§ **The task**
Print the first line of the material below and each line after it, exactly as written, ending with the line that contains "Cookies Accessories, Cookies".

§ **Provided records**
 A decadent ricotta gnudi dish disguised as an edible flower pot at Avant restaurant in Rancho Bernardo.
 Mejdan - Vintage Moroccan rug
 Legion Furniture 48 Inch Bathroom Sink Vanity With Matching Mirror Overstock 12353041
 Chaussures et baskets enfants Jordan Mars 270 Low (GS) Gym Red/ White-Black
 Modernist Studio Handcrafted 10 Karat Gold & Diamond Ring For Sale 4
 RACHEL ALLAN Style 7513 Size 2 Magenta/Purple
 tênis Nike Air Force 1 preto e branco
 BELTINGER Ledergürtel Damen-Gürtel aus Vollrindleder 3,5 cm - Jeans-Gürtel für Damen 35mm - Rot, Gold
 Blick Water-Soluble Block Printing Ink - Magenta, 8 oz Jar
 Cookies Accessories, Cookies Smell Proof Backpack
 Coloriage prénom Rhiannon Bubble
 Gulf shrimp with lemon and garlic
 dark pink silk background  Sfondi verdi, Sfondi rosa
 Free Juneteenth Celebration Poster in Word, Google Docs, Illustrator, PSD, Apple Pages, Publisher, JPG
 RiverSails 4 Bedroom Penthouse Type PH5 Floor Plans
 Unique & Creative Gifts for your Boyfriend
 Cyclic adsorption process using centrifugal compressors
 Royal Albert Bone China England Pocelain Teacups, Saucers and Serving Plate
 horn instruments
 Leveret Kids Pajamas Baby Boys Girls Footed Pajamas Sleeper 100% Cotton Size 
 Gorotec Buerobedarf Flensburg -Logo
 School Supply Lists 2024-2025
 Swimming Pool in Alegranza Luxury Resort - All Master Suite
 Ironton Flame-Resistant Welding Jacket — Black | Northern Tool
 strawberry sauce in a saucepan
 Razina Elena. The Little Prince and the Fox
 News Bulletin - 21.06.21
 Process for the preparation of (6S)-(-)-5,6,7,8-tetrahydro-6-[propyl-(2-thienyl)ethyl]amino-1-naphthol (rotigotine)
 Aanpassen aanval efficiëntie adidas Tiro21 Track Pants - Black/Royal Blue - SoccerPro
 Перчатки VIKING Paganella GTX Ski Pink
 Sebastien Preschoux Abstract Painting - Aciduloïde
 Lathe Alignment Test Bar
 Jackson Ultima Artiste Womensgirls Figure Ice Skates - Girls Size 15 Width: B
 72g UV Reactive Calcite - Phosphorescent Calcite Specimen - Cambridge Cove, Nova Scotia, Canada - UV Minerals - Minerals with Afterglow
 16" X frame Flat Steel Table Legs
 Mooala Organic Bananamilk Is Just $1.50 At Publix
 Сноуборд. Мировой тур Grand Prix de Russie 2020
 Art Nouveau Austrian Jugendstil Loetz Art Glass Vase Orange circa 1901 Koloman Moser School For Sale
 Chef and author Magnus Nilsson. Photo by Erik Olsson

§ **Answer below**
 A decadent ricotta gnudi dish disguised as an edible flower pot at Avant restaurant in Rancho Bernardo.
 Mejdan - Vintage Moroccan rug
 Legion Furniture 48 Inch Bathroom Sink Vanity With Matching Mirror Overstock 12353041
 Chaussures et baskets enfants Jordan Mars 270 Low (GS) Gym Red/ White-Black
 Modernist Studio Handcrafted 10 Karat Gold & Diamond Ring For Sale 4
 RACHEL ALLAN Style 7513 Size 2 Magenta/Purple
 tênis Nike Air Force 1 preto e branco
 BELTINGER Ledergürtel Damen-Gürtel aus Vollrindleder 3,5 cm - Jeans-Gürtel für Damen 35mm - Rot, Gold
 Blick Water-Soluble Block Printing Ink - Magenta, 8 oz Jar
 Cookies Accessories, Cookies Smell Proof Backpack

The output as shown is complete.